After sustained and meaningful discussions, I’m pleased to share the updated statements that were passed unanimously by our Board of Trustees in September:
Our Mission: Maine Maritime Museum’s mission is to connect people to the past, present, and future of Maine’s waterways and their global reach.
Our Vision: Our vision is to be a leading cultural institution and community pillar. As active stewards and educators of history and culture, of our historic site, and of our collections, we strive to inspire an ever-growing audience to experience the local, regional, and global stories of Maine.
Our Values: We We value progress—removing barriers to access, broadening our audience, building community, expanding scholarship, and innovating our stories and storytelling methods. We value respect— sustaining the people, places, and resources in our care, prioritizing equity in our work, and creating a supportive environment that empowers individuals to thrive.

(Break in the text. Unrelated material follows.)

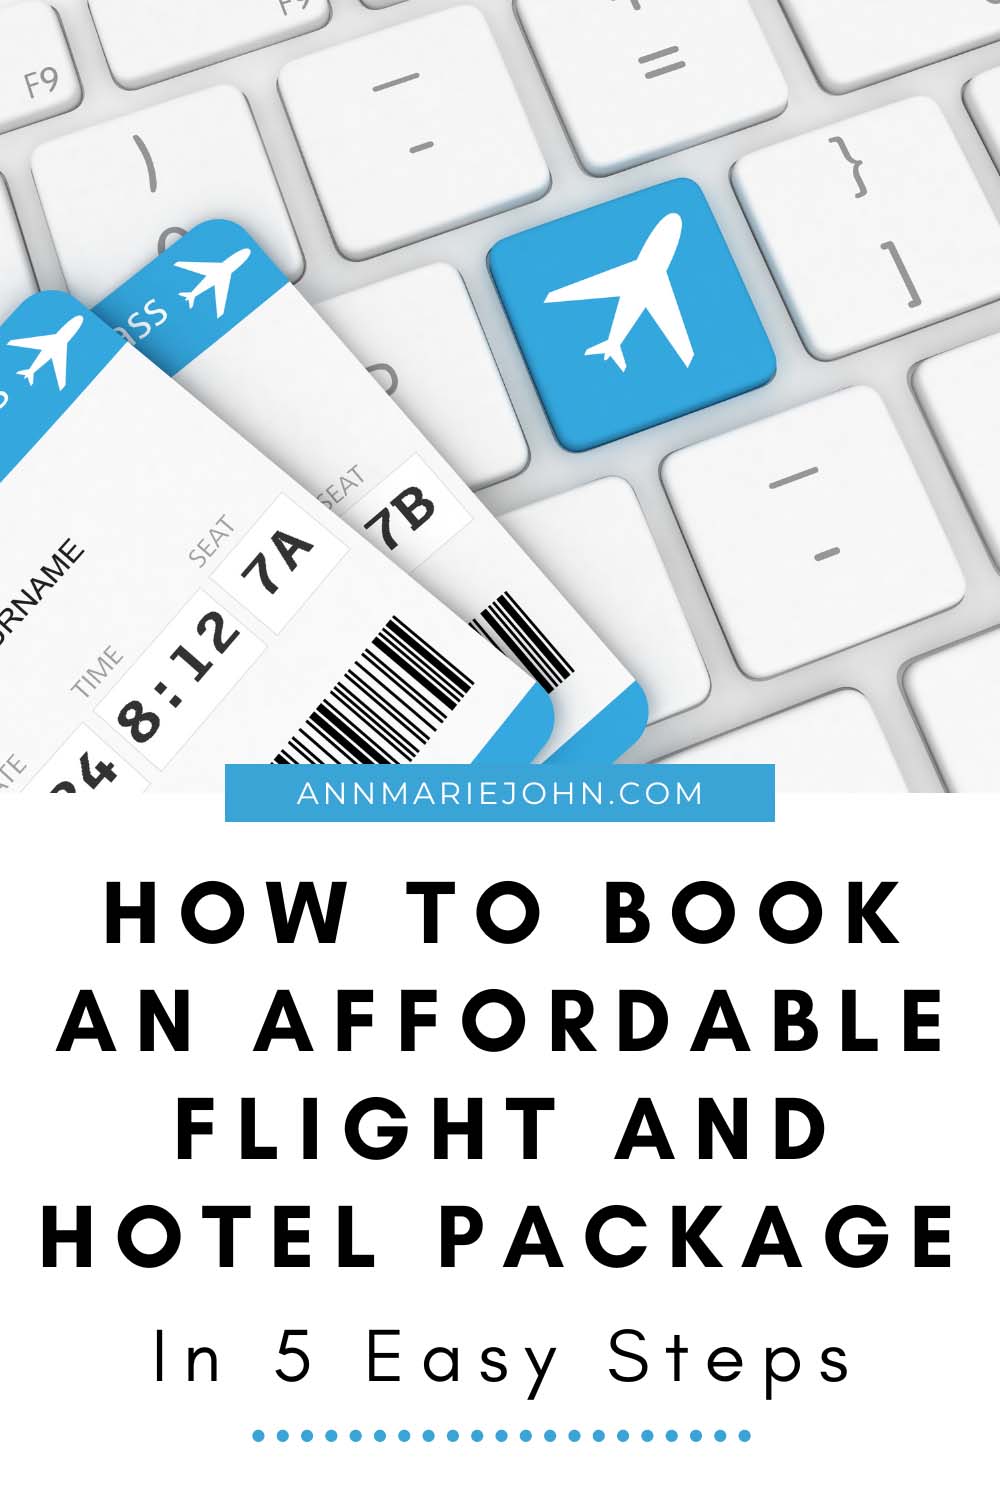 Book an Affordable Flight and Hotel

Museums must revisit their mission periodically to ensure they are framed in a way that meets the current and future needs of our community. In this case, the evolution is not a seismic shift but a thoughtful acknowledgement of the museum’s past, our recent successes, and new responsibilities.
In his remarks opening the museum’s first permanent location in 1964—with exhibits telling our core stories through paintings and artifacts traded across the world—
our first president William Mussenden shared the following reminder, worth revisiting:
“This museum is not a memorial to an industry that is dead, nor is it being dedicated as a reminder of the good old days. What you will see here is merely the evidence of that which has
happened in a community, where progress is still being made.”
Connecting the past, present, and future of maritime Maine, and how this story is one of global relevance, has long been a common thread in our history. It is worth renewing our commitment to this purpose, as we identify new programs and exhibits that reveal maritime Maine to be a place where progress has been, and still is being, made.